— Где ты был, Бенюс?
Он ничего не ответил мне, только потихоньку отвел за спину руку с узелком, от которого пахло хлебом.
Я поехал дальше, поднялся на холм и пустился назад, вниз. Мне хотелось покрасоваться перед Бенюсом. Пусть видит, как я здорово катаюсь! Не то что он — вправо-влево, на бок плюх!..
Я вовсю вертел педали, дергал звонок. Мне весело, радостно, смотри на меня, Бенюс!
Бенюс оглянулся и, когда я уже поравнялся с ним, быстрым движением сунул свою палку в переднее колесо. В тот же миг я перекувырнулся в воздухе и покатился в канаву. Бенюс хохотал. Но смех его был не тот, что прежде, когда окрестные поля так и звенели от этого веселого, заливистого смеха-колокольчика.

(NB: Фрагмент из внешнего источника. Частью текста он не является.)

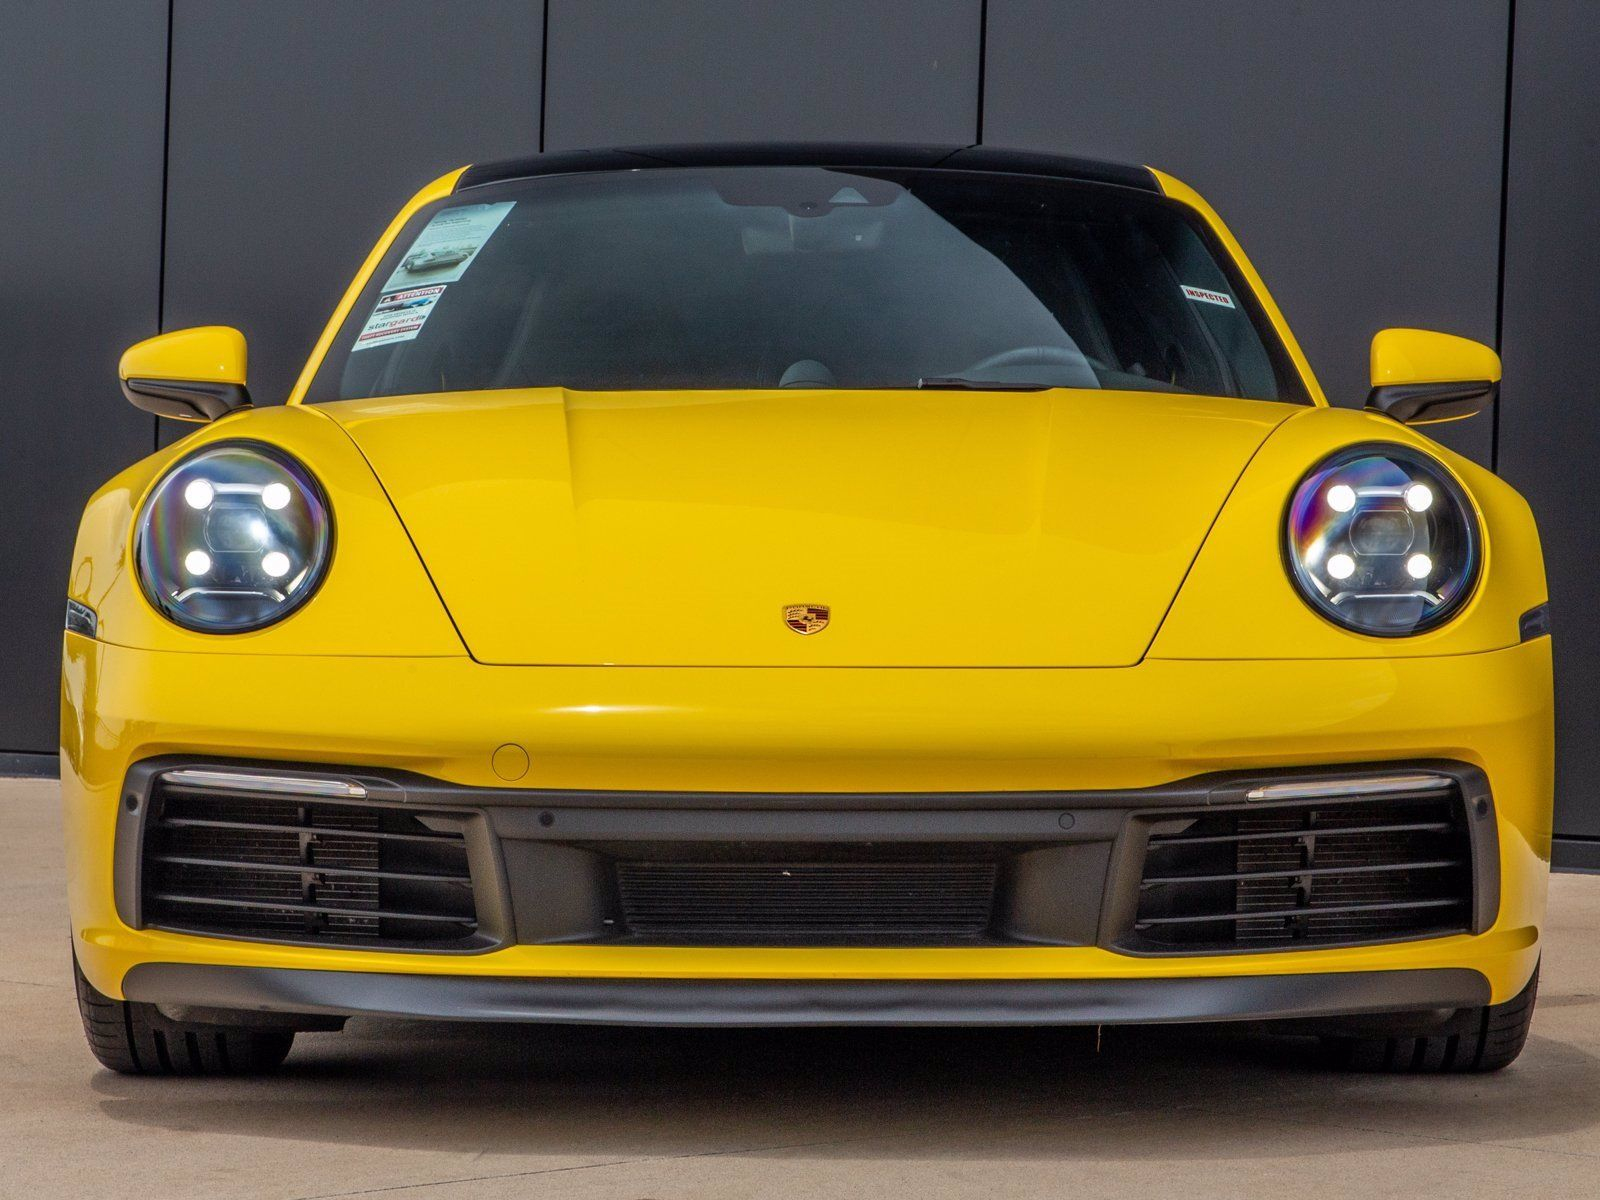 2020 Porsche 911 Carrera S (992) – 4

Я медленно поднялся. Бенюс замолчал, посмотрел на меня, на велосипед с помятым колесом и торчащими спицами. Он опустил голову, точно устыдившись сделанного, зажал под мышкой свой узелок с краюшками хлеба и пошел прочь в огромных стоптанных башмаках, шаркая, словно дряхлый старик.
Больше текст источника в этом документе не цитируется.